IAVA Files Amicus Brief Against Diverting Defense Spending to Border Wall
President Donald Trump’s plan to divert $3.6 billion from defense funding to build a border wall will endanger the well-being of Active Duty Service Members and their families, according to a nonprofit Veterans advocacy group. The Iraq and Afghanistan Veterans of America (IAVA) filed two Amicus Briefs in two ACLU cases with a California federal judge opposing the president’s plan to divert military funding.
“IAVA is speaking out on behalf of service members and their families,” said IAVA CEO Jeremy Butler. “Regardless of whether you support or oppose the border wall, it should not come at the expense of our service members and their families.”
In February, the Trump Administration declared a national emergency to divert $6.7 billion to the construction of a border wall between the United States and Mexico. The administration intends for the wall to expand across the entire southern border from California to Texas. In response, the ACLU filed lawsuits to challenge the constitutionality of President Trump’s national emergency declaration.
By declaring a national emergency, the president is able to divert military construction funding to the border wall. According to the IAVA, the Pentagon has largely underfunded military construction projects crucial to the overall mission of the U.S. Armed Forces. The group’s brief says that the siphoning of the defense budget comes after years of underfunded military construction projects.
What projects will the Military Defense Funding Diversion delay?
IAVA is made up of approximately 425,000 members. It is the nation’s largest nonprofit organization for Iraq and Afghanistan Veterans. Collectively, the group says that they are concerned that funding diversion puts military construction projects on hold.
In one of the briefs, the group writes, “Military construction is funded through a painstaking and time-consuming process.” It continues, “Even for the highest-priority projects, it can take ‘three or more years’ before an identified need makes it into a budget request, and years longer for congressional authorization and appropriations, implementation of the federal contracting process, and the physical construction of the project.”

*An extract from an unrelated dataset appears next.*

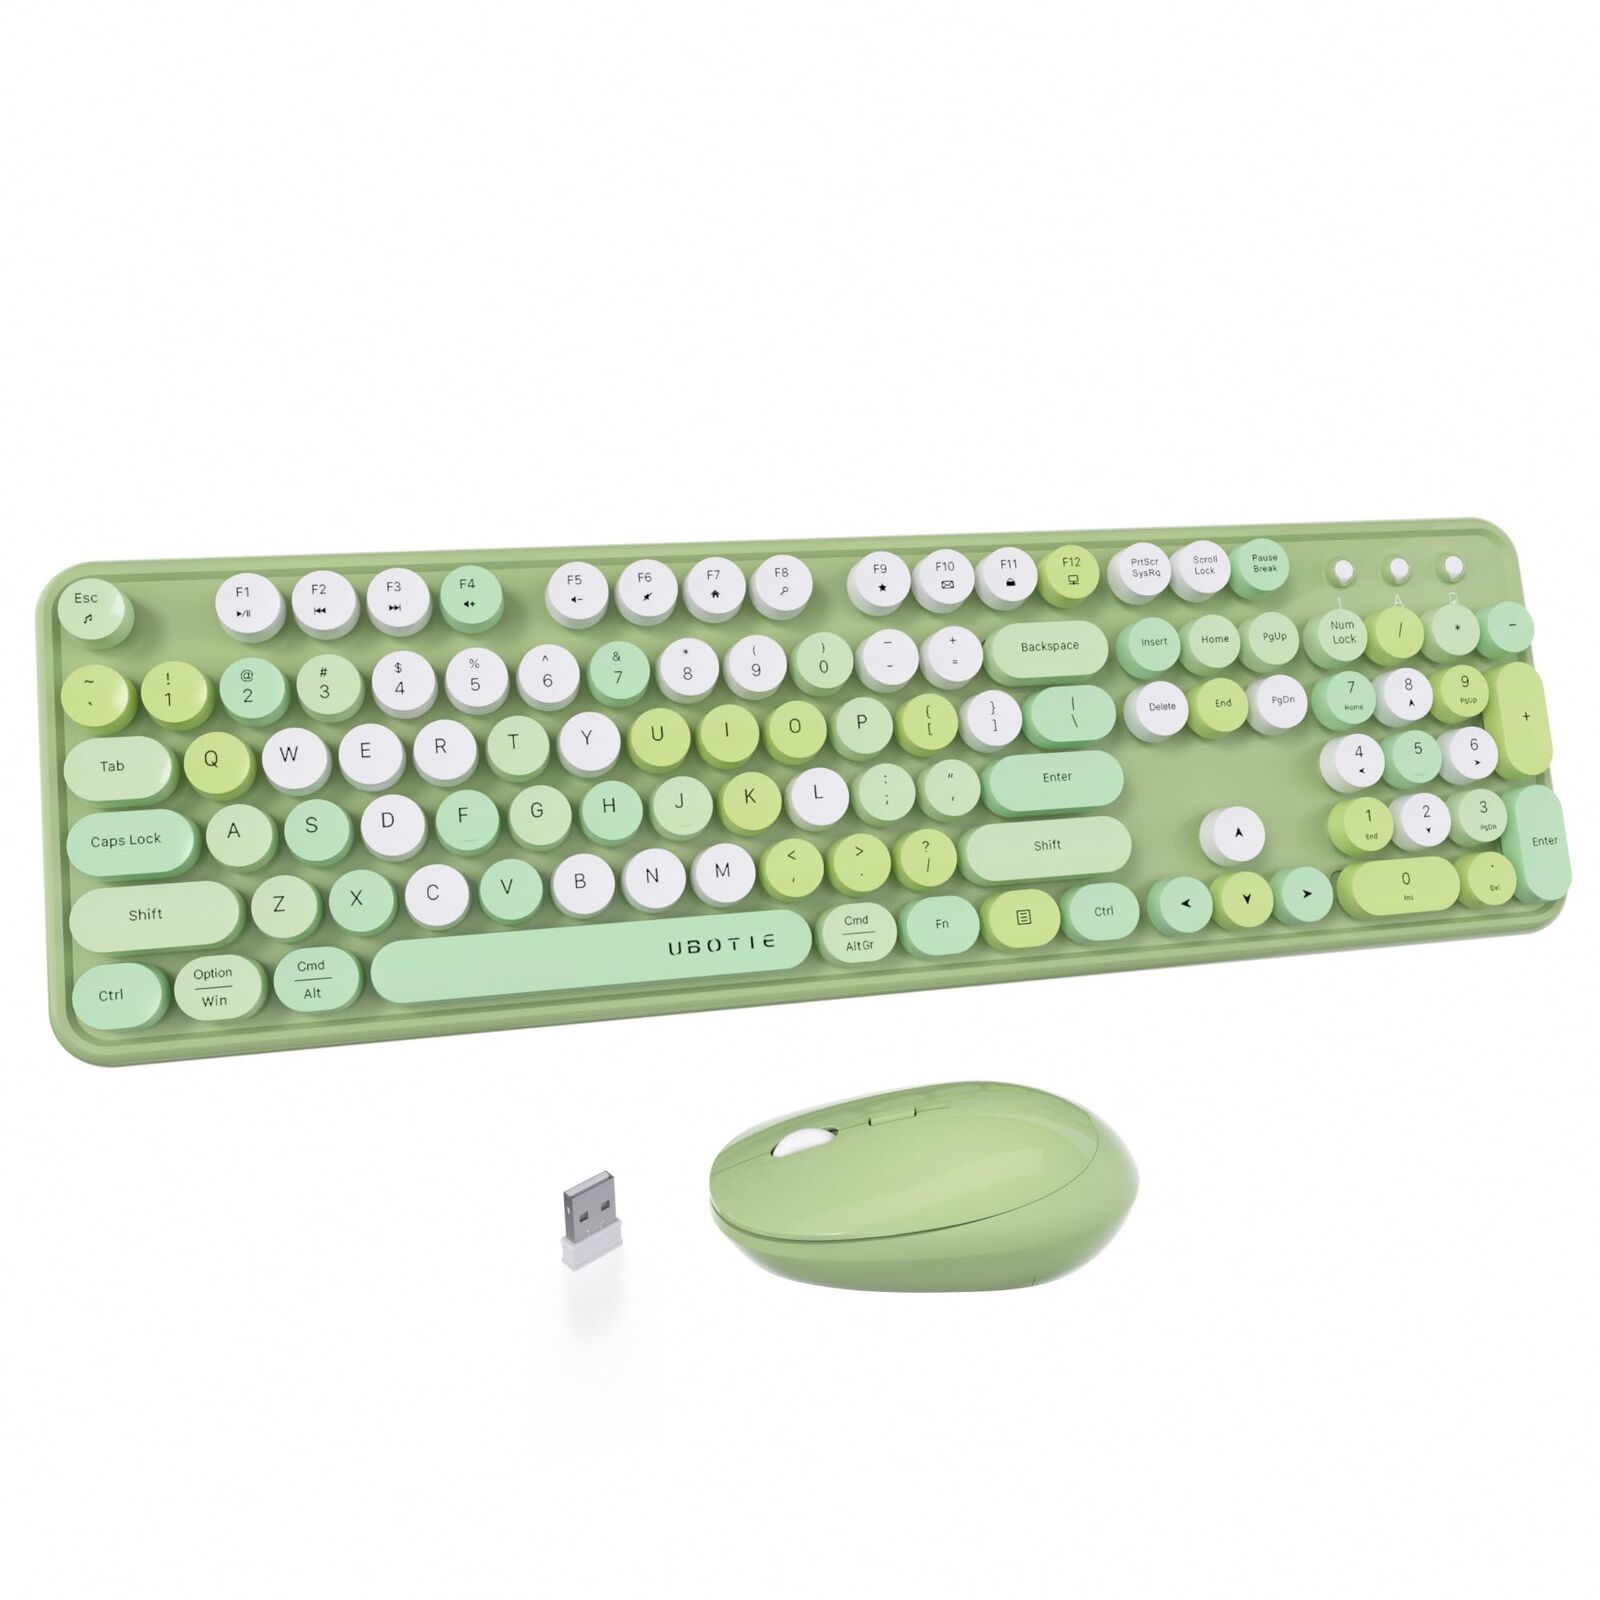 UBOTIE Colorful Computer Wireless Keyboards Mouse Combos, Typewriter Flexible Ke

For example, a $41 million project to replace a failing heating system at an Alaska Air Force base has been put on hold indefinitely. Winters in Alaska can dip below 65 degrees Fahrenheit below zero in the winter.
Diverting military funding for the wall has also affected building a $37 million facility intended for the relocation of hazardous cargo and training for bomb defusing.
Additionally, the Pentagon canceled a $13 million childcare facility for families at Joint Base Andrews.
The funding diversion also puts several other projects on hold at several military bases across the country. Military projects delayed by the border wall funding diversion include:
- Buildings for military academies in New York
- Drone Pilot Training Facility in New Mexico
- Shooting ranges in Oregon, Mississippi and Wisconsin
- Flight simulator building in California
- Fire and crash rescue station in Florida
- Military space facility in Colorado
According to news reports, there are a total of 127 military projects that have been stalled indefinitely as a result of the $6.7 billion intended for the wall.
“Service members are used to discomfort,” the group said. “But they should never be asked to work in unnecessarily unsafe or harmful conditions, or to wait even longer for basic facilities that are already long overdue.”